2. Context Injection Improves Accuracy
Allowing users to provide image type hints (tomb, temple, other) significantly improved model accuracy by focusing attention on relevant historical contexts.
3. Model Speed Options Enhance UX
Offering multiple speed tiers provides users control over the speed-accuracy tradeoff, essential for interactive applications.

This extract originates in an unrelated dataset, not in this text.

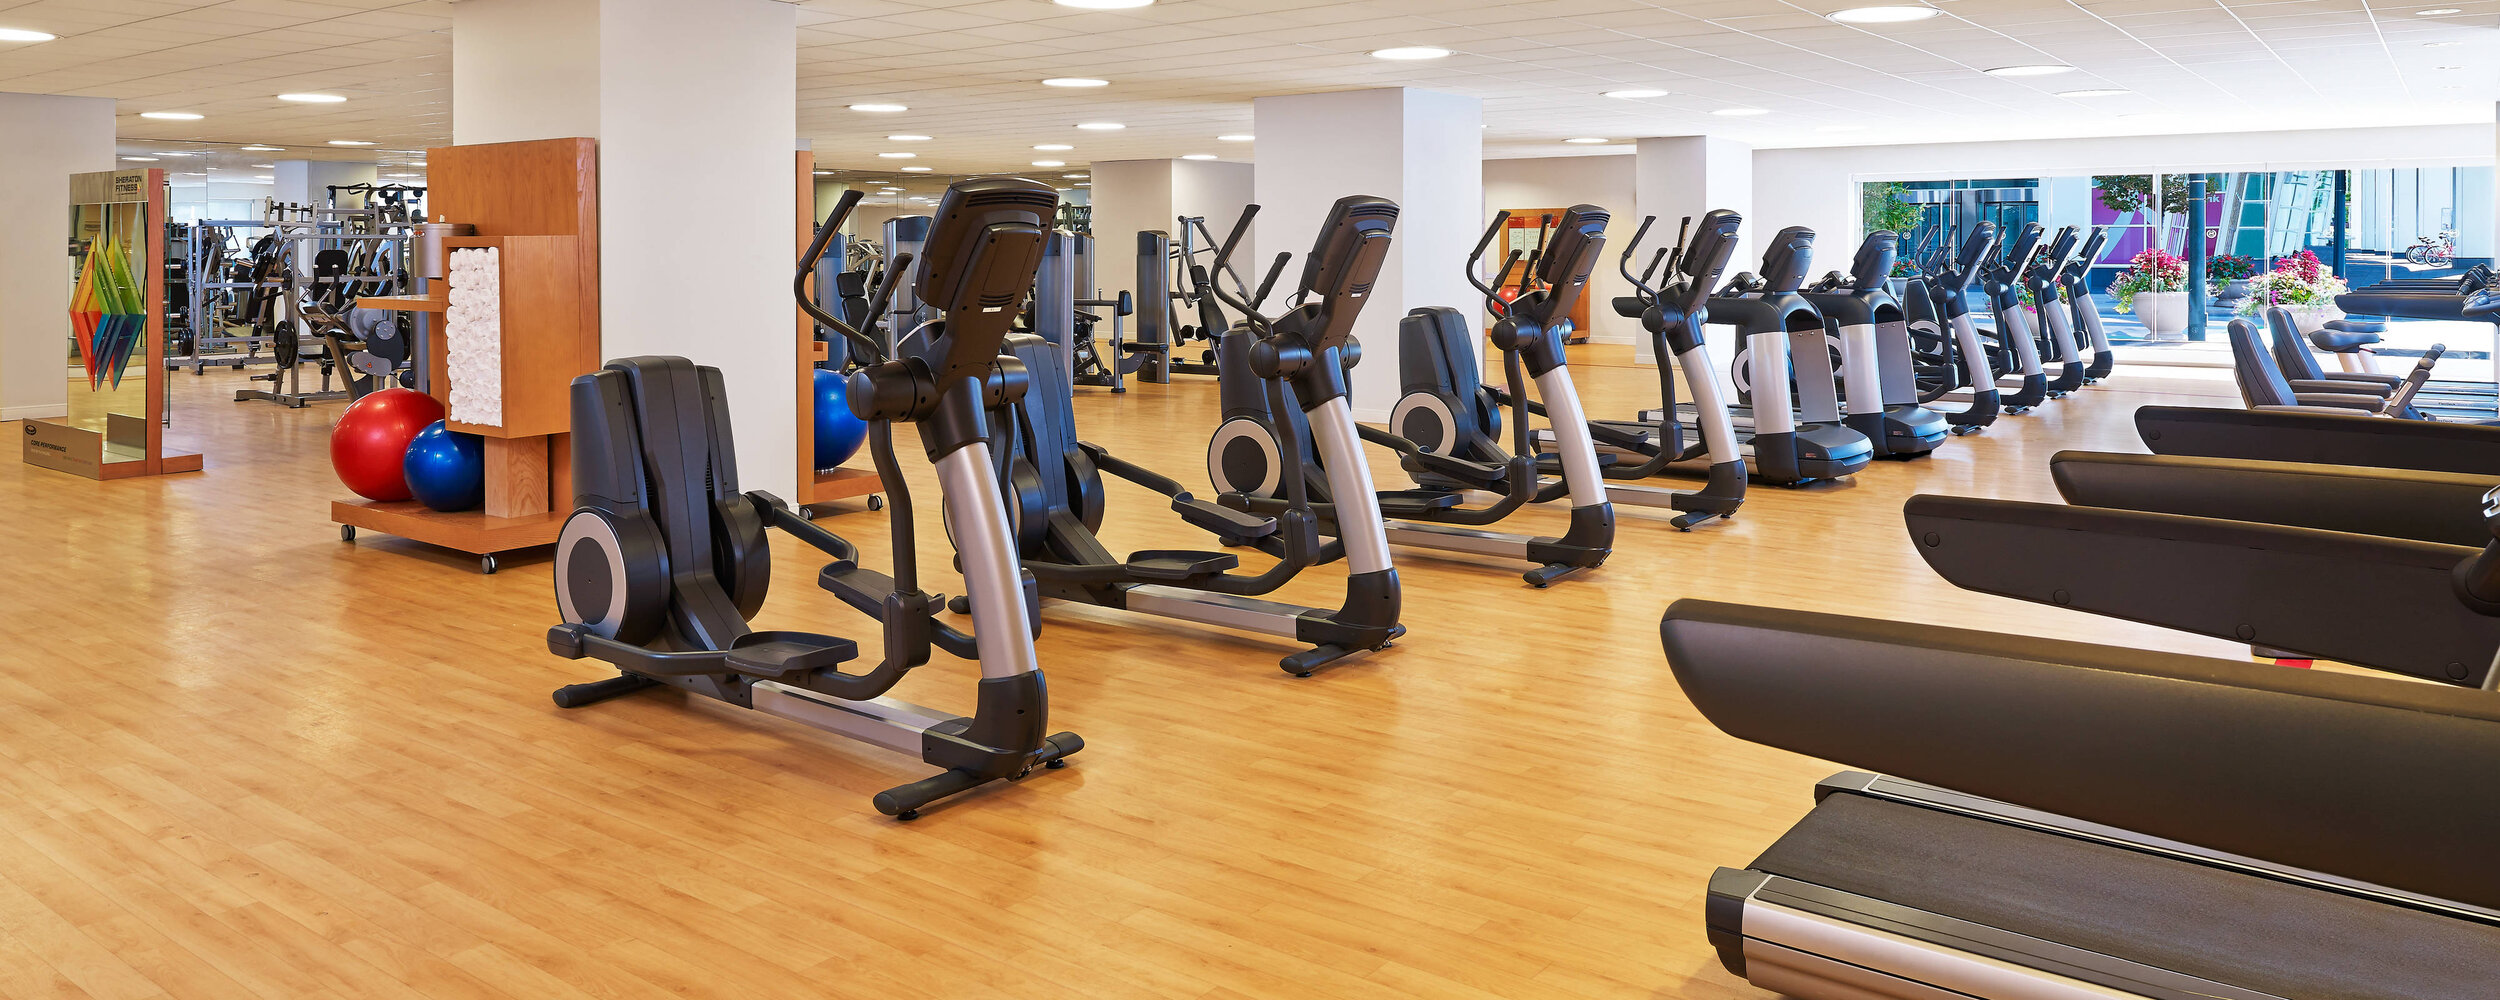 dends-fitness-center-9252-hor-feat.jpg

4. Error Handling is Critical
Robust retry logic and error recovery transforms a demo into a production-ready system. The Gemini API can be temperamental, making retry logic essential.
Conclusion
The Egyptian AI Lens demonstrates how modern LLM APIs can be effectively integrated into production web applications. Key architectural decisions include:
- Clean frontend-backend separation for maintainability
- Structured outputs to reduce hallucinations
- Dynamic model selection for user control
- Context injection for improved accuracy
- Robust error handling for production reliability
The current Vercel-based architecture provides excellent developer experience and zero-cost hosting for personal projects. The planned AWS Lambda migration will unlock enhanced performance, monitoring, and scalability for production use.
Try the system: Egyptian AI Lens
Source code: Available in the blog repository
The intersection of computer vision, large language models, and archaeology opens fascinating possibilities for making historical knowledge more accessible. This project serves as a blueprint for similar applications across other domains.